The Perils of Peacemaking
Paul A. Rahe—
It is much easier to initiate a great war than to end one. Even when an attempt to do the latter seems, to the unsuspecting glance, to be an unqualified success, it frequently lays the foundations for a renewal of the struggle. The origins of the Second Punic War, of the War of the Spanish Succession, and of the Second World War can be found in the armistices and treaties of peace that ended the First Punic War, the War of the League of Augsburg, and the First World War; and we have recently discovered, to our surprise and dismay, that the accommodation reached with China in and after 1972 and the Soviet Union’s subsequent defeat in the Cold War and that polity’s eventual dismemberment did not put an end to the threat to stability, the international order, peace, and Americans’ well-being posed by the ambition of China and Russia.
In pondering the settlement that ended the First Punic War and prepared the way for its successor, the Greek historian Polybius articulated a principle that applies to virtually any arrangement that a polity negotiates at the end of an extended conflict with a genuine strategic rival. “Statesmen,” he warned,
must take heed lest the aims of those breaking off hostilities . . . escape their notice. Above all else, they must ascertain whether those coming to terms have yielded to circumstances or are broken in spirit.
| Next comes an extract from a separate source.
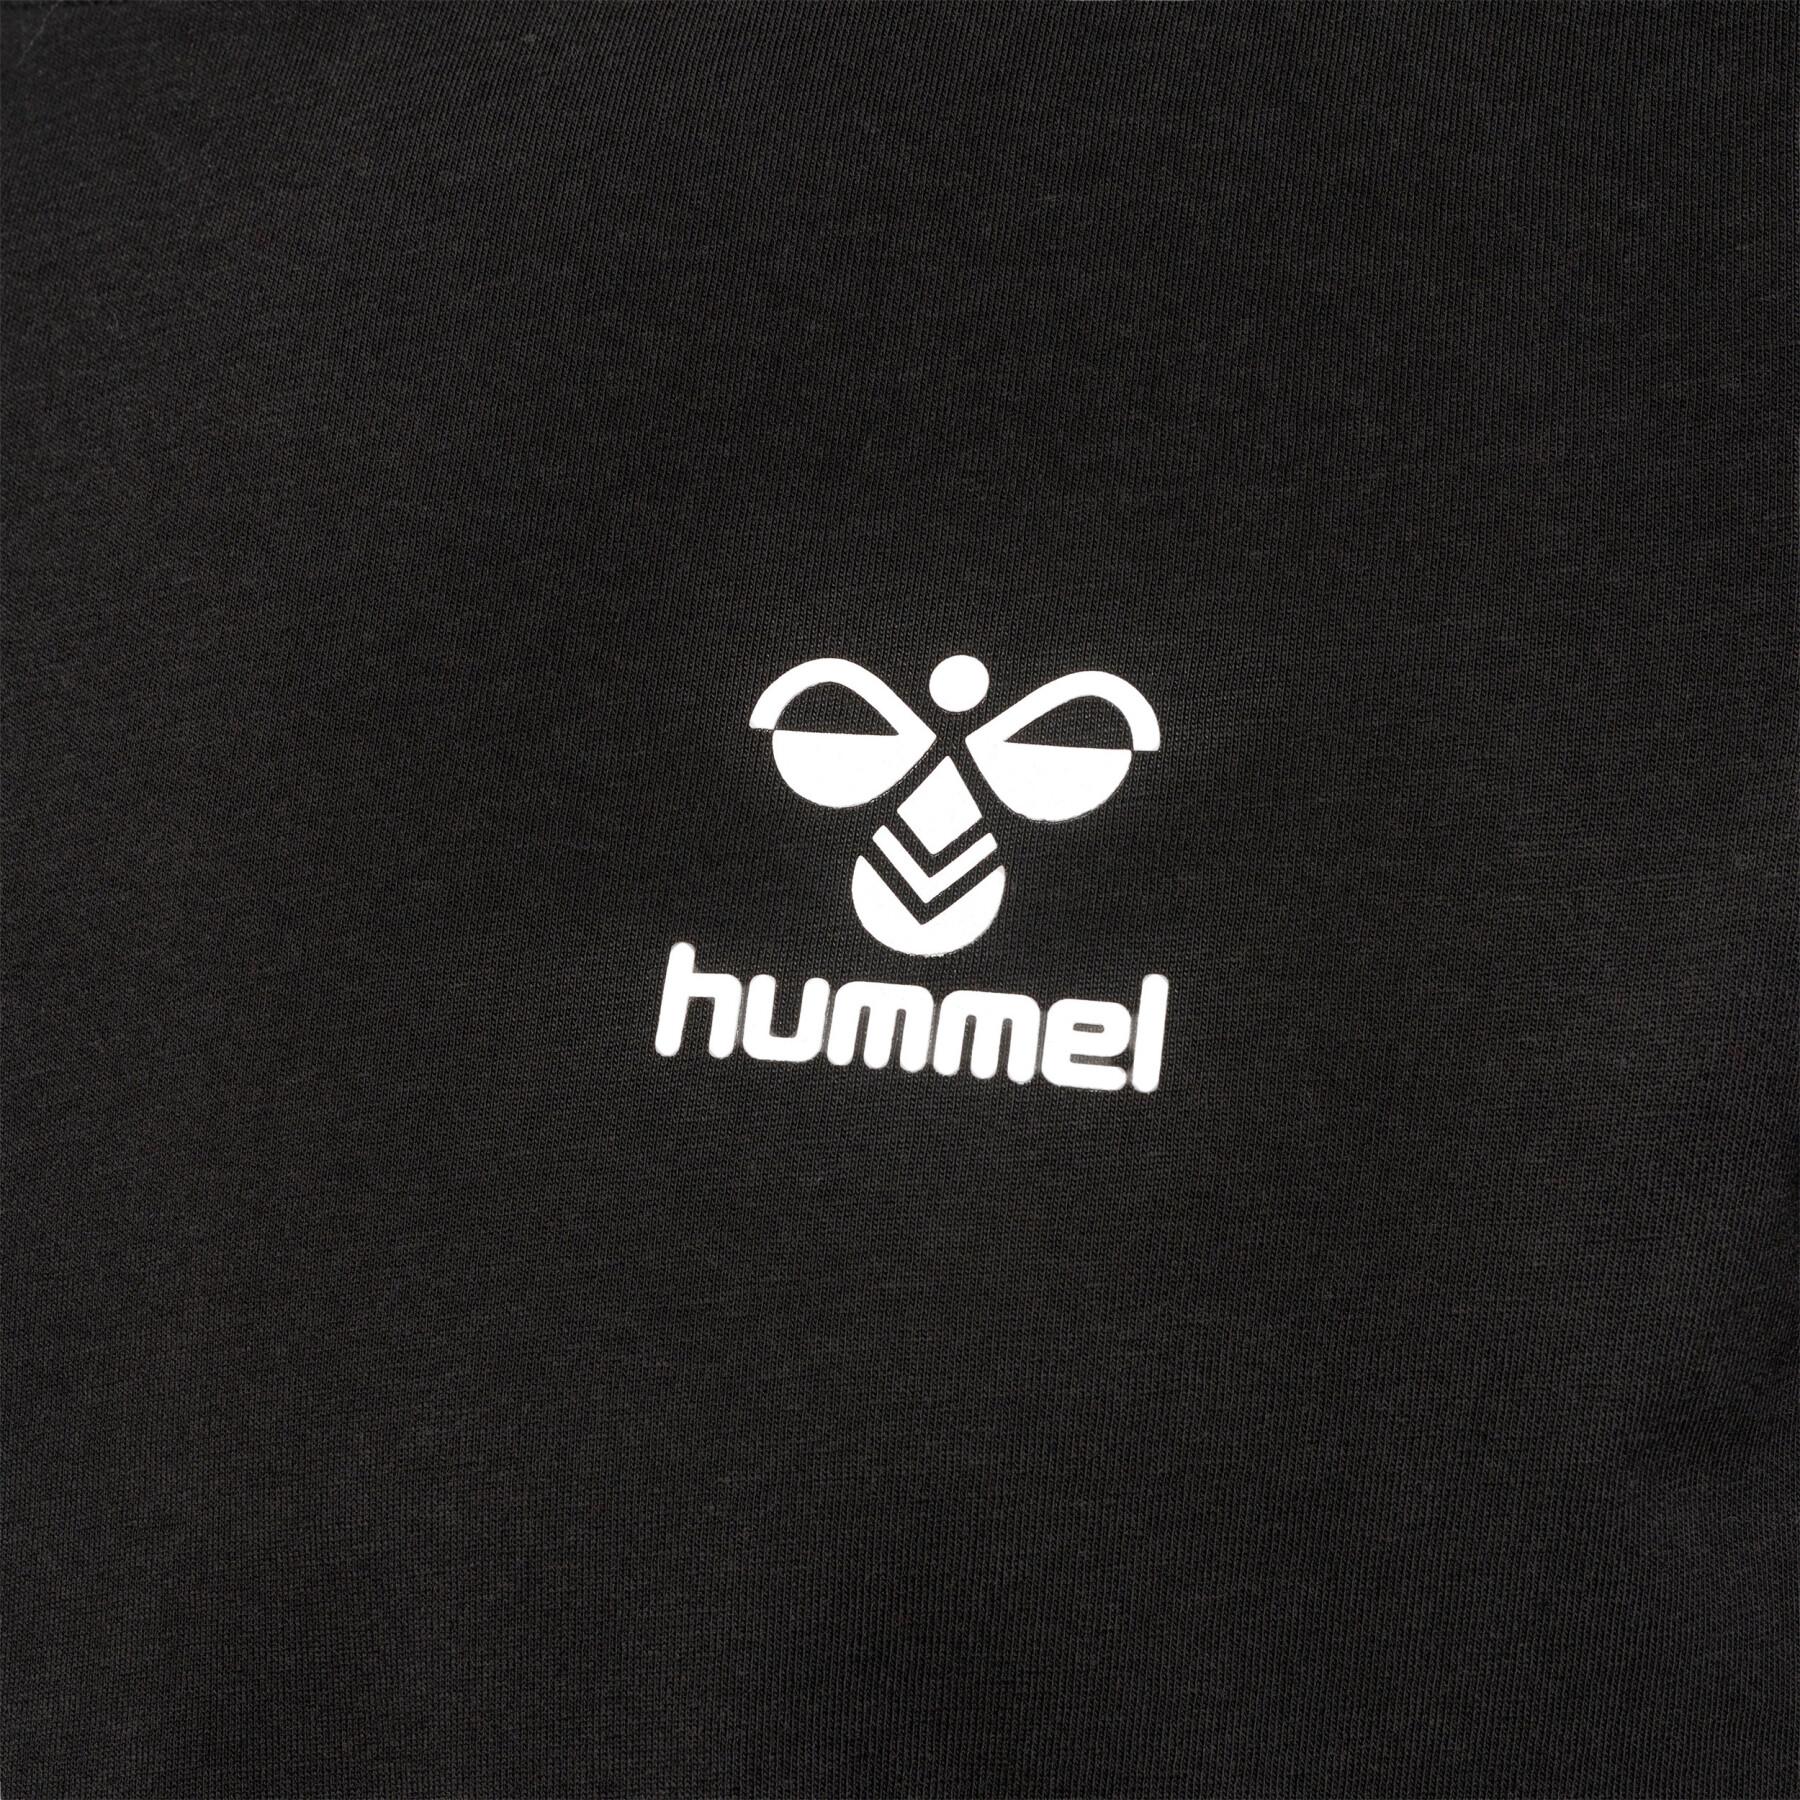 Man Polo T-shirts - T-shirt and Hummel Lifestyle Icons - - shirts

In this fashion, they can be constantly on guard against the former, who are apt to be lying in wait for a favorable opportunity, and they may trust in the latter as subjects and true friends and readily call upon them for whatever services occasions demand.
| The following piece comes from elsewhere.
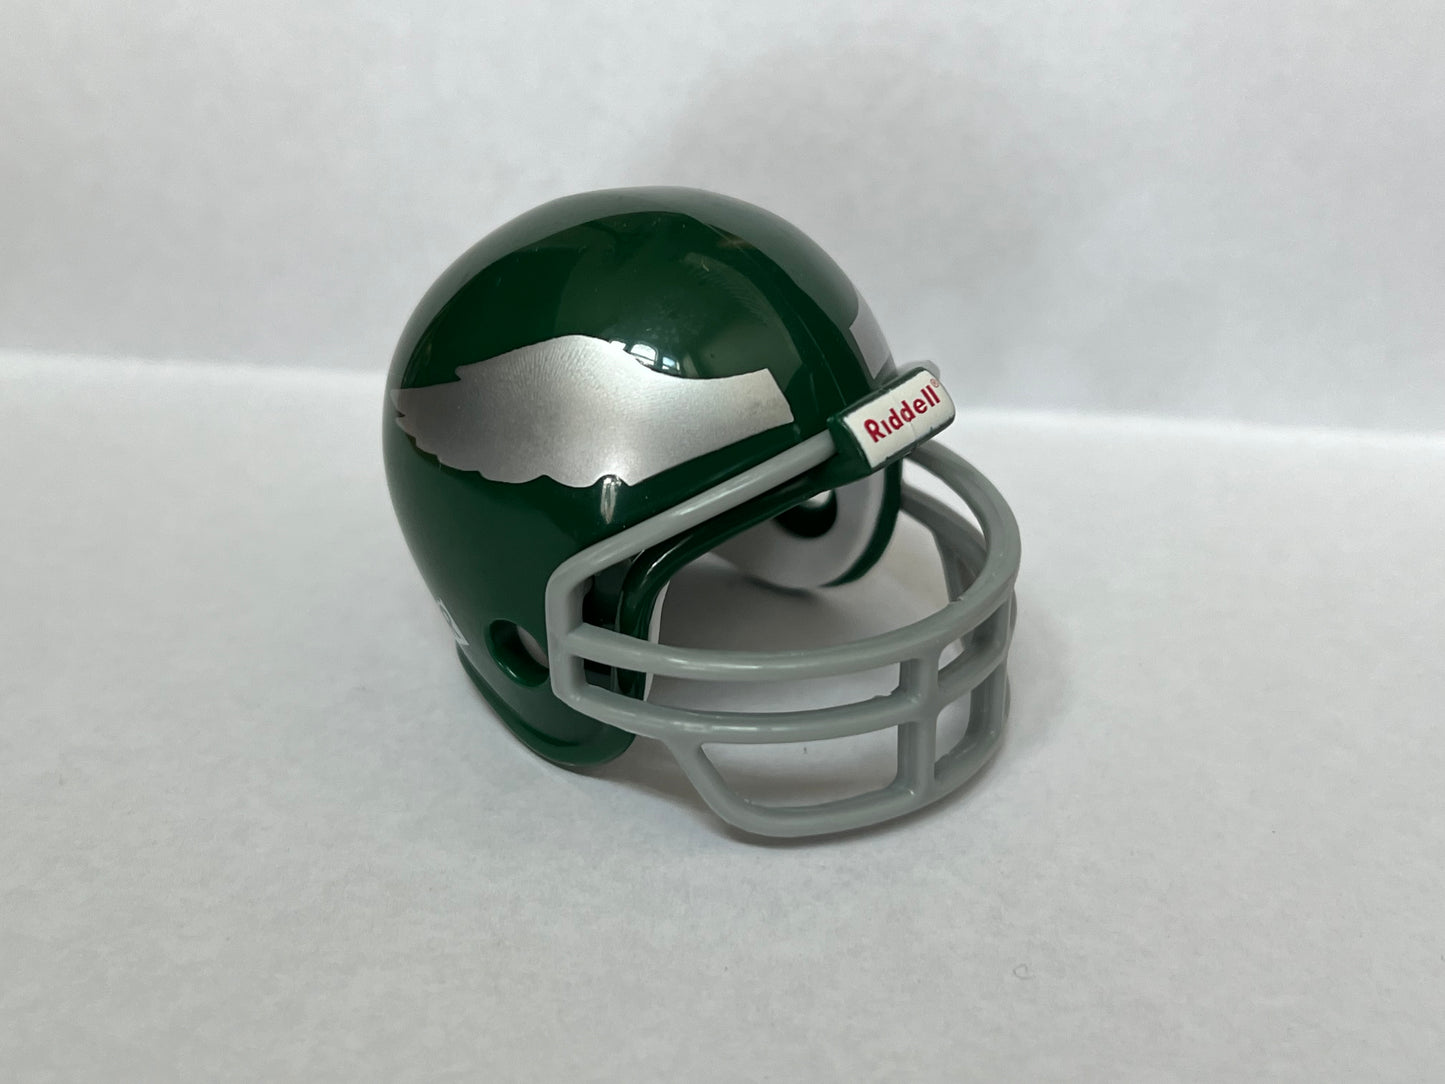 Philadelphia Eagles Riddell NFL Pocket Pro Helmet 1955-1968 Throwback (Green Helmet, Silver Wings with Grey Mask) from series 1  WESTBROOKSPORTSCARDS

As Polybius implies, if the conditions that initially gave rise to a strategic rivalry persist, that rivalry is almost certain to revive, and a renewal of war (hot or cold) may well be the consequence.
Sparta’s second and third Attic wars serve as another example. The peace treaties that brought Lacedaemon’s first two Attic wars to their conclusion in 446 and 421 B.C. arose because of mutual exhaustion and settled nothing. These contests had their roots in the fear inspired among the Lacedaemonians by the dramatic growth in Athenian power during and subsequent to the Persian Wars and the fear generated among the Athenians by the Lacedaemonians’ attempts to rein them in, and the treaties the two negotiated did nothing to alter the situation, alleviate fear, or change the calculations to which this fear gave rise.
Of course, had either of the two wars in question come to a conclusion with the decisive defeat of either hegemonic power and with its elimination as a threat, there would not have been another Attic war. But, on both occasions, the conflict ended with an attempt at restoring something like the status quo ante—back before the antagonism first developed, when the two powers had operated more or less amicably within different spheres. On both occasions, Sparta and Athens yielded to circumstances and came to terms. In consequence, neither power was broken in spirit; and, in the aftermath of both wars, each was on the lookout for a favorable opportunity to strike a decisive blow.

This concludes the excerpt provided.